__Task objective__
Please reproduce exactly, and only, the lines from the one with "SKMEI 1220 Dual" through the last line of the listing below, both ends included, leaving out the pictures.

__Dataset extract__

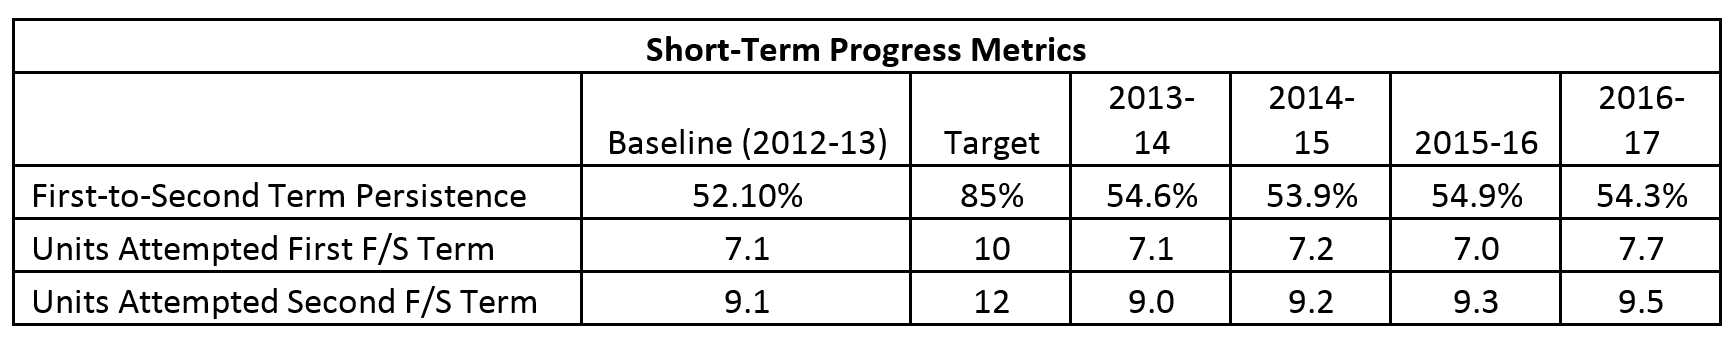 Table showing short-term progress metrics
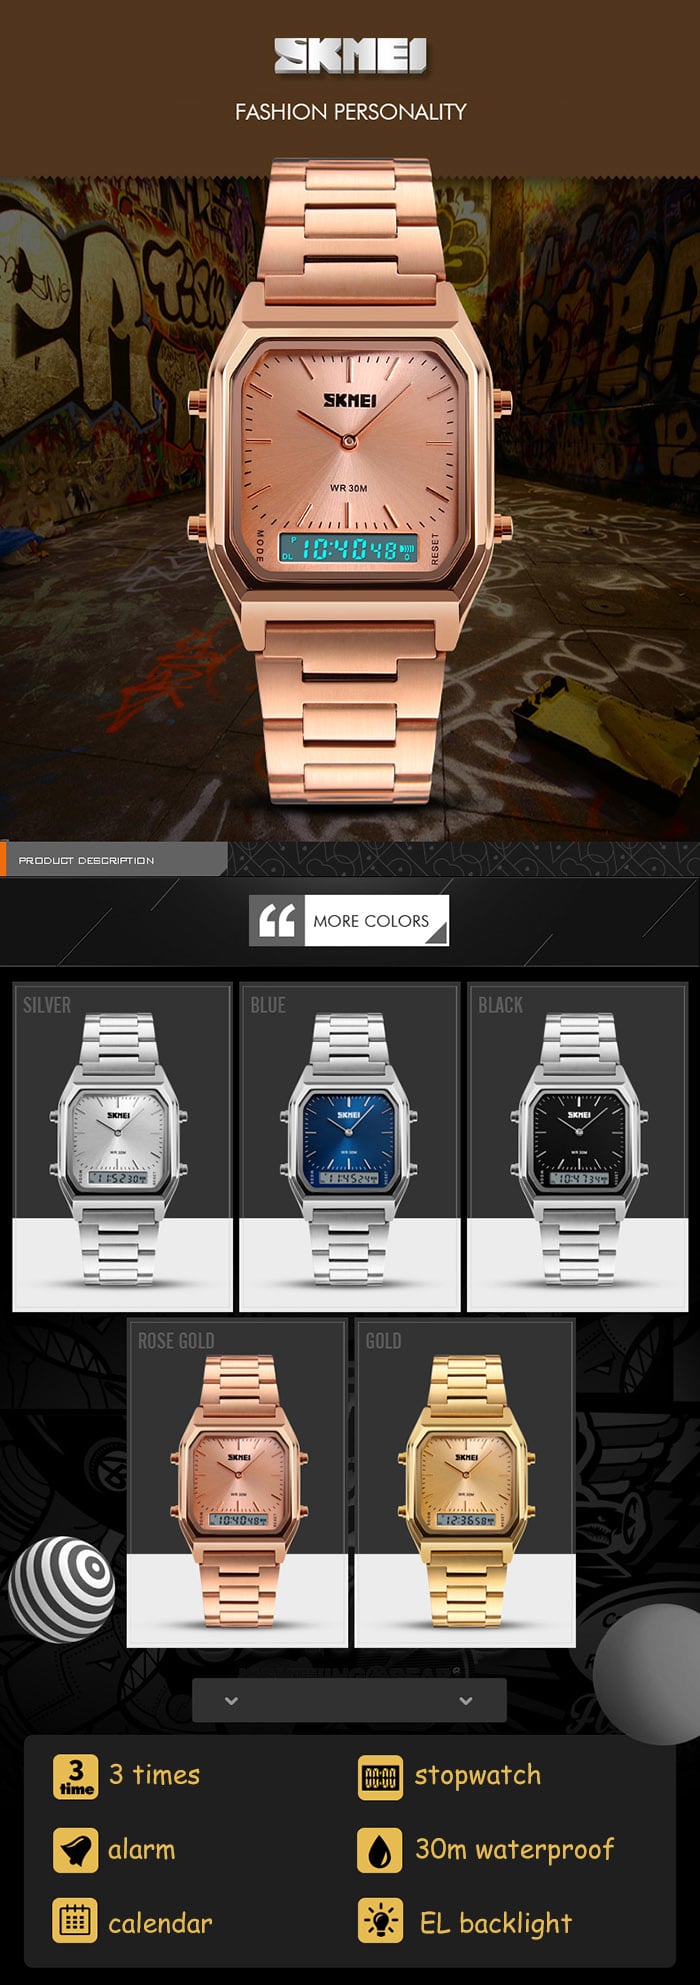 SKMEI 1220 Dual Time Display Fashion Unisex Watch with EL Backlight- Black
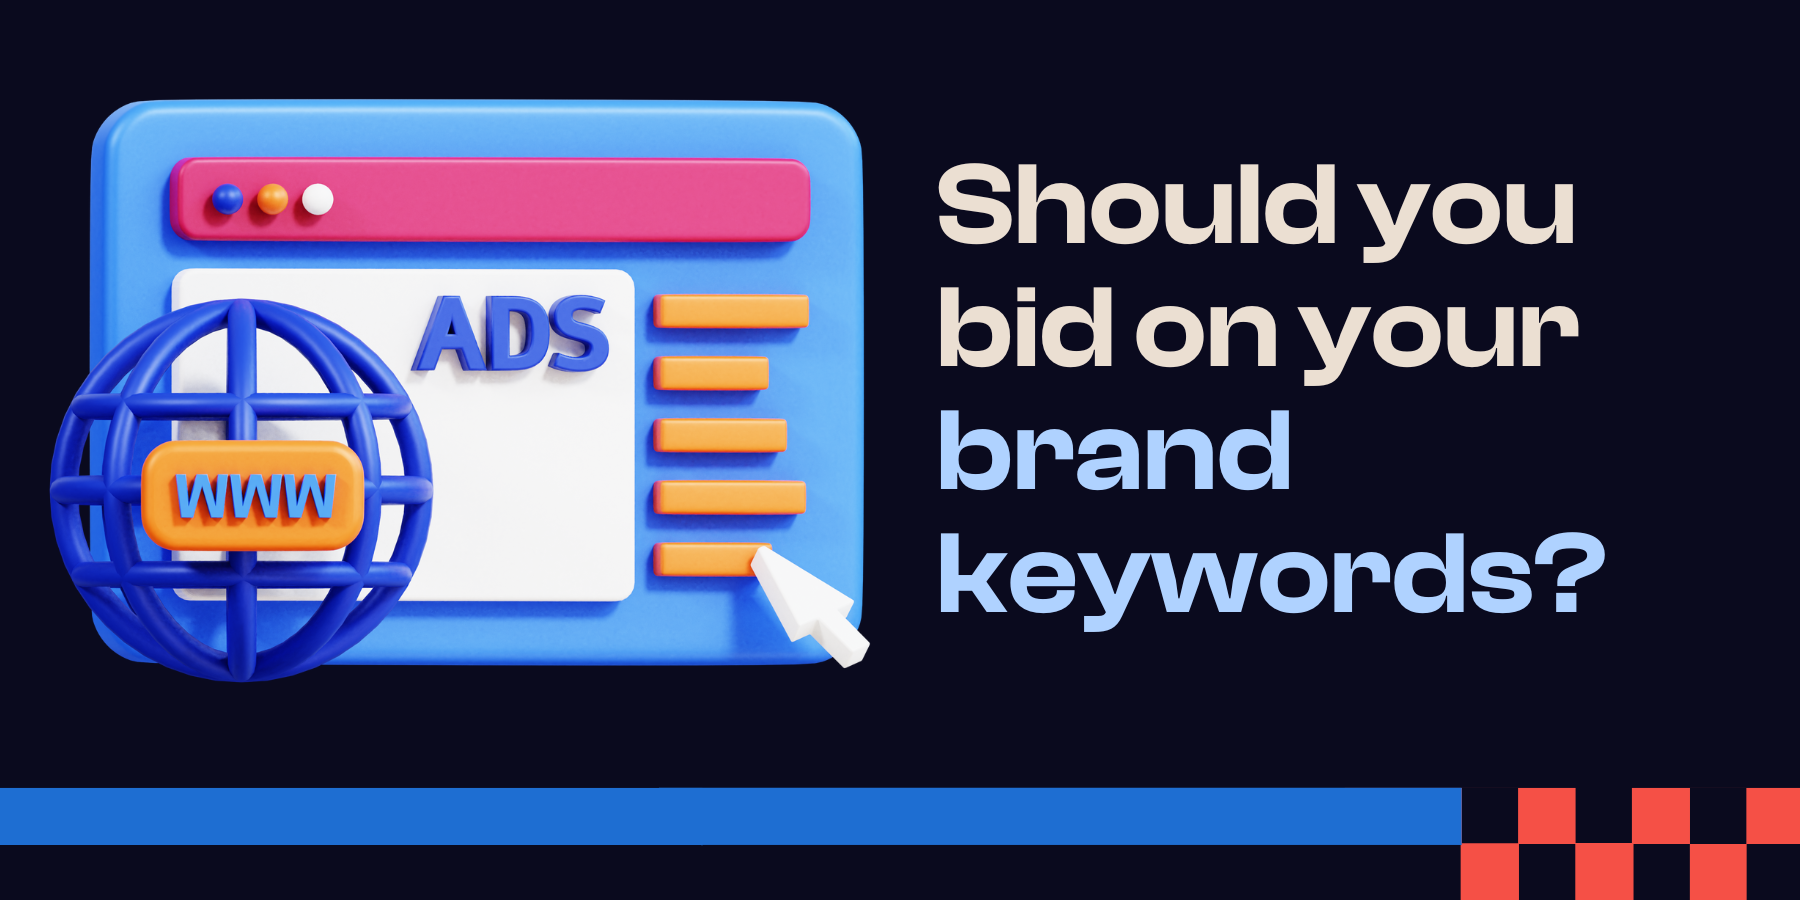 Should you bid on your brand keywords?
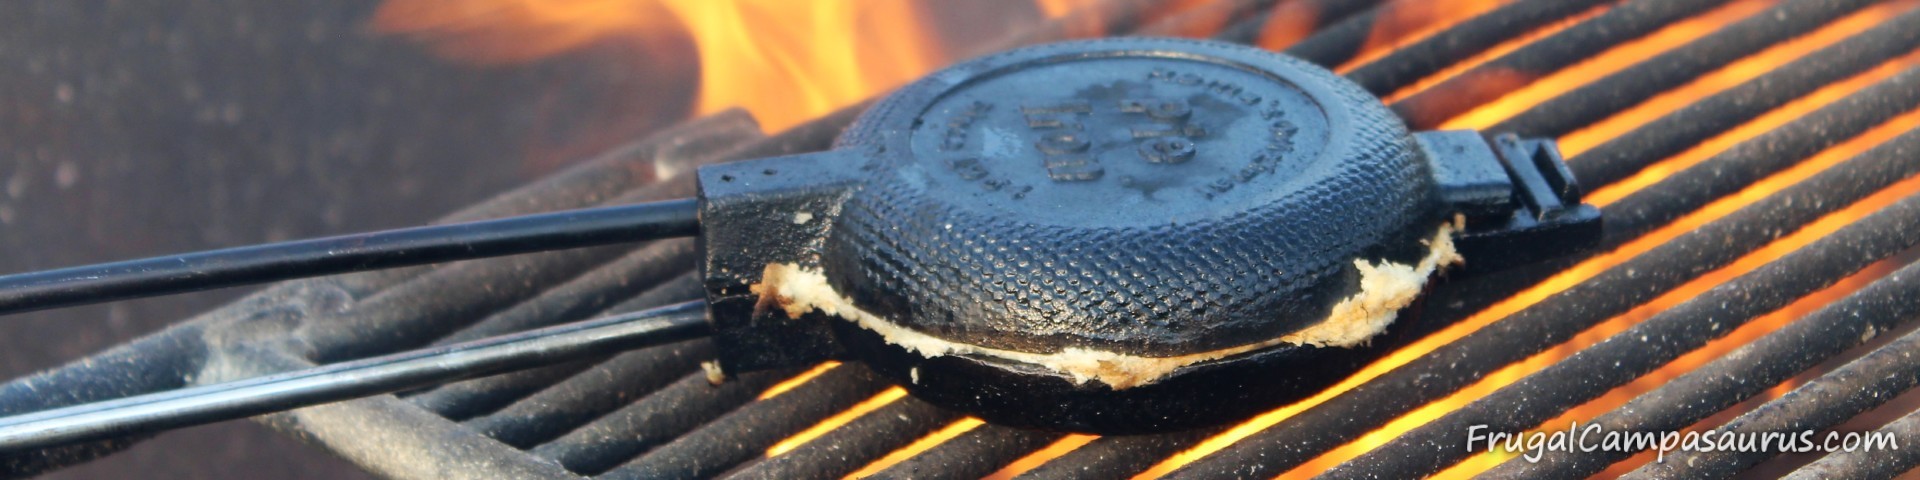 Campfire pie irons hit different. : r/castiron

__Result for this task__
 SKMEI 1220 Dual Time Display Fashion Unisex Watch with EL Backlight- Black
 Should you bid on your brand keywords?
 Campfire pie irons hit different. : r/castiron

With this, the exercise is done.